The obelisk or the hourglass. The choice is being made now.

Redesign Now or Restructure Later

CEOs have a twelve-to-twenty-four-month window to make deliberate choices about organizational shape, talent pipelines, and development pathways. The five priorities to focus on: map your value chain against AI capability honestly, redesign entry-level roles, invest in the middle layer, build for velocity rather than the current state, and preserve institutional knowledge before it walks out the door.

Sources

1. Stanford Digital Economy Lab — Employment decline in AI-exposed occupations among workers aged 22–25 (2025). Via Fortune.
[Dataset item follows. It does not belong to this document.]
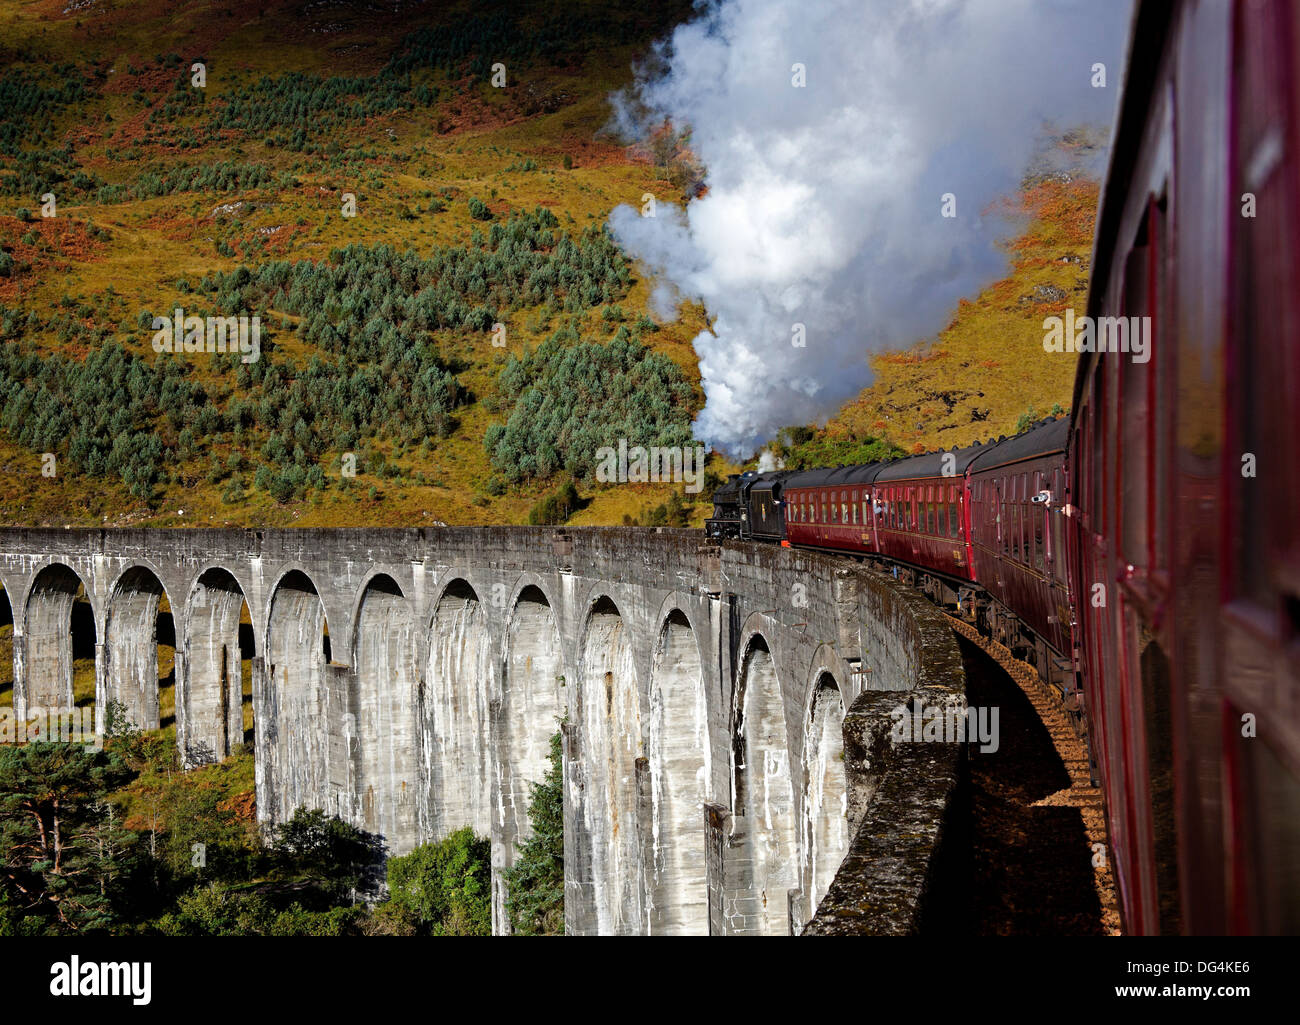 Passage du Train à vapeur Jacobite viaduc de Glenfinnan Ecosse Lochaber UK Banque D'Images

2. Burning Glass Institute — Experience requirement shifts in AI-exposed fields, 2018–2024. Via HR Executive.

3. OECD Employment Outlook 2025 — Cross-national analysis of AI’s impact on entry-level cognitive roles.

4. EU Joint Research Centre — AI usage among EU workers: 30% adoption rate, task-level breakdown (2025).

5. MIT Sloan — Rigobon & Loaiza, EPOCH Framework: human capabilities that complement AI (2025).

6. Revelio Labs — 40% decline in middle-management job postings since 2022. Via AllWork.Space.

7. Gartner — Projection: 20% of companies using AI to flatten hierarchies by 2026. Via AllWork.Space.

8. Anthropic Economic Index — AI usage patterns: 77% automation, 12% collaborative learning (2025). Via Fortune.

9. World Economic Forum — Future of Jobs Report 2025: employer workforce expectations.

10. Workplace Insights — London law firm partner on mid-level associate compression (2025).

11. MIT Sloan / Johnson & Johnson — AI-powered skills inference model for workforce gap analysis.


This analysis reflects publicly available research and Vela Advisory’s observations as of February 2026. AI capabilities and labour market conditions are changing rapidly; readers should verify current data before making strategic decisions.